Mehr Fahrten: Rund 100 Sonderzüge seien Weihnachten 2020 auf den Hauptachsen unterwegs.

Mehr Sitzplätze: Bis Ende des Jahres stünden den Kunden täglich 13.000 zusätzliche Sitzplätze zur Verfügung.

Mehr Verbindungen: Mit dem neuen Fahrplan ab dem 13. Dezember baue die DB den Fahrplan nochmals deutlich aus. Zwischen Hamburg und Berlin seien die Züge erstmals im Halbstunden-Takt unterwegs.

Mehr Raum: Nur noch 60 Prozent der Sitze im Fernverkehr seien reservierbar.

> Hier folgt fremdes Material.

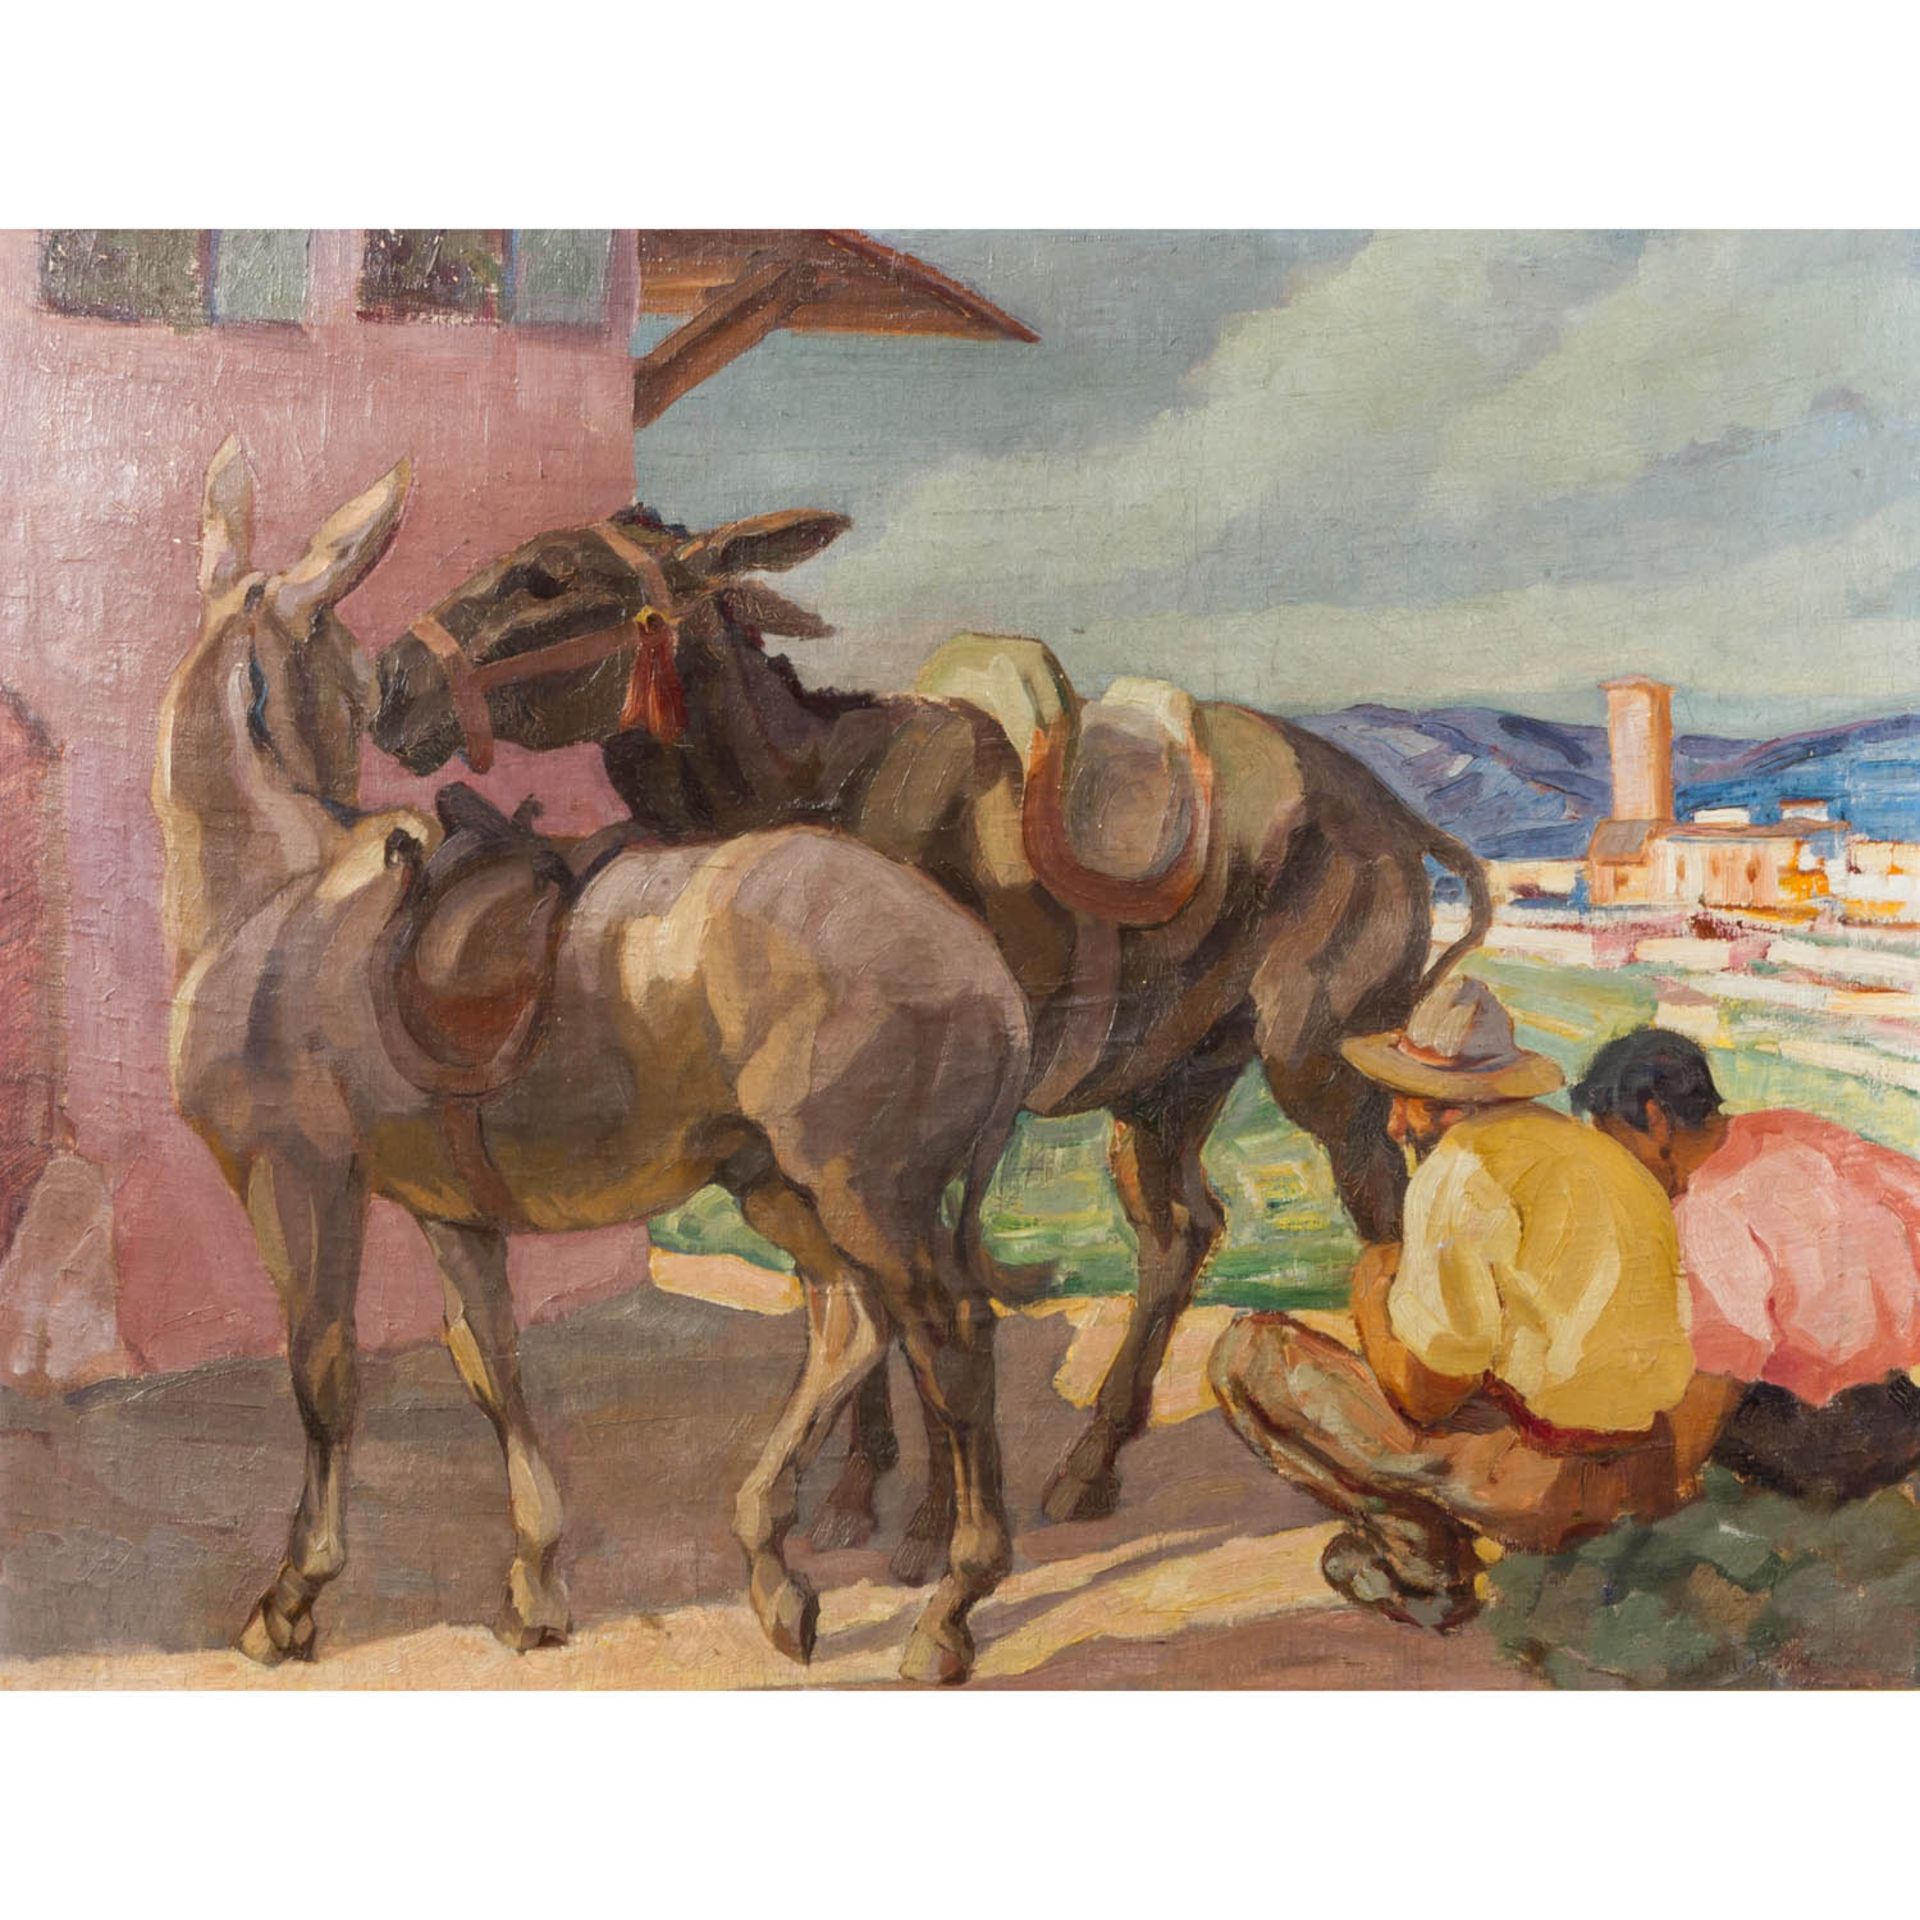 Wedel?, wohl WEDEL-KÜCKENTHAL, EDITH (1893-1968), "Zwei Bauern mit Eseln vor dem Haus", <br

Die DB informiere über die Auslastung der Züge aktuell im Netz.

Mehr Maskenkontrollen: Die DB erhöhe im Dezember nochmal die Präsenz ihrer Sicherheitskräfte: In bis zu 50 Prozent aller Fernverkehrszüge seien Sicherheitsteams an Bord, die darauf achten sollen, dass die Maskenpflicht eingehalten wird.

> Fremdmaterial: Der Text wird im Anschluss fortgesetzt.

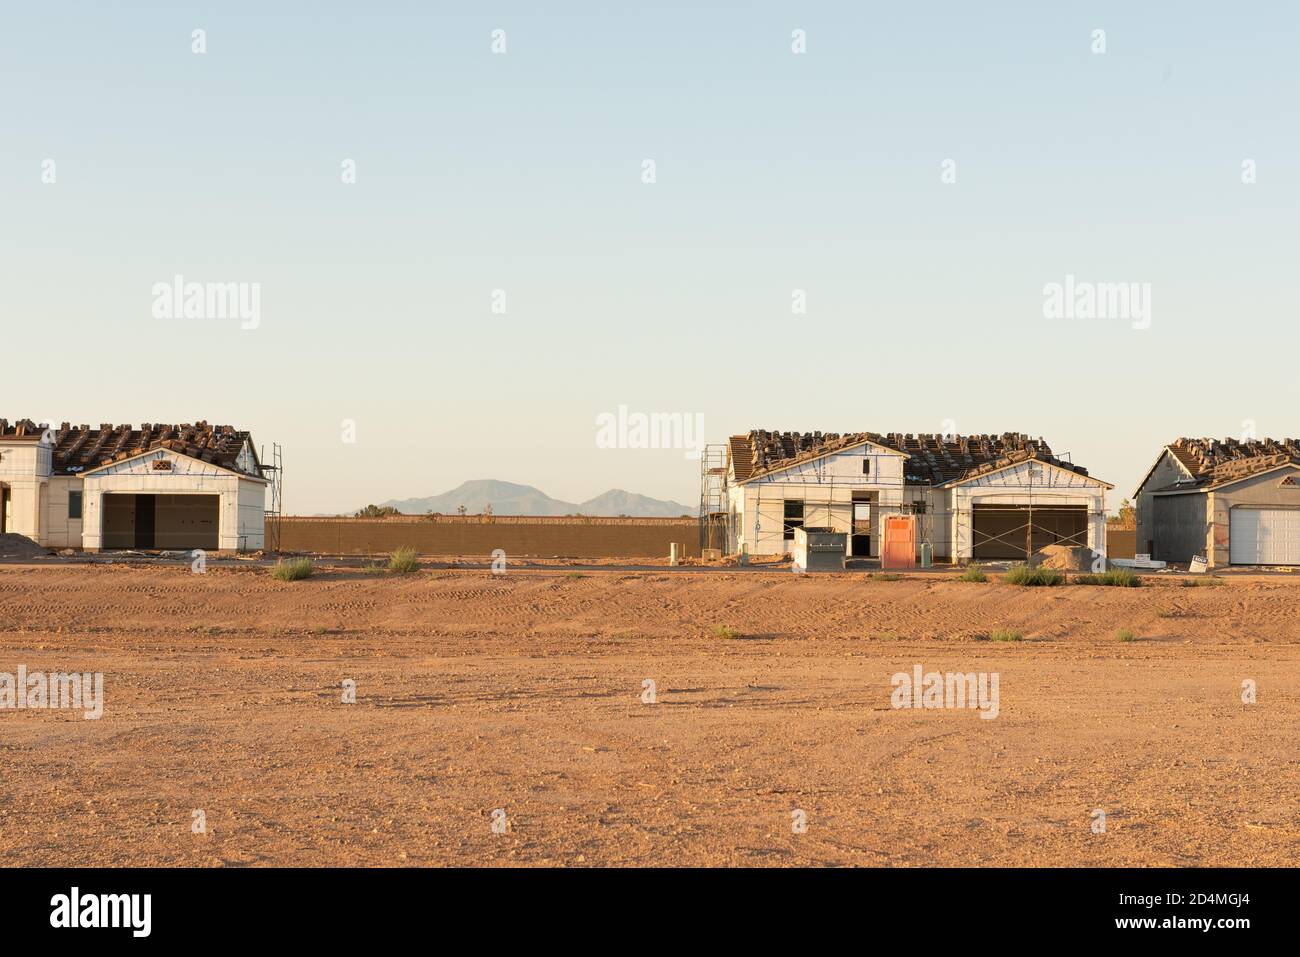 Eine Reihe von Häusern, die auf einem unbefestigten Grundstück mit einem leeren Grundstück dazwischen gebaut werden und Blick auf die Berge im Hintergrund steht in Zentral Arizona Bauboom. Stockfoto

Mehr Kundeninformation: 25.000 Ansagen in Bahnhöfen, 7500 Monitore und LED-Anzeigen der Fernverkehrsflotte, 6500 Plakate in Zügen ohne digitale Anzeigen, 230.000 Aufkleber in Bahnhöfen sollen über sicheres Reisen infomieren, heißt es weiter.

Mehr Sauberkeit und Hygiene: 4300 Reinigungskräfte seien für Sauberkeit und Hygiene in Zügen und am Bahnhof im Einsatz. Innovative Reinigungskonzepte wie UV-Licht zur Desinfektion an Rolltreppen oder Speziallack zum Schutz vor Viren und Bakterien auf Treppenhandläufen und Bedienungsknöpfen in Aufzügen sollen für noch mehr Sauberkeit sorgen, sagt die Bahn. 650 Desinfektionsspender stünden den Reisenden gratis zur Verfügung.

Mehr Kundenlenkung: Wegeleitsysteme, Mindestabstandsmarkierungen auf dem Boden vor allen DB-Informationen, in den Reisezentren und vor vielen Geschäften in den Bahnhöfen sollen die Reisenden dabei unterstützen, Abstand zu halten.

Mehr Planbarkeit: Ein neues Tool in der App Bahnhof Live zeige für mehr als 100 Bahnhöfe an, wie voll der jeweilige Start- und Zielbahnhof ist. Reisende könnten durch die neue Anzeige sehen, ob ihr Bahnhof aktuell weniger, genauso oder stärker besucht ist als im Vergleich zu den Vorwochen.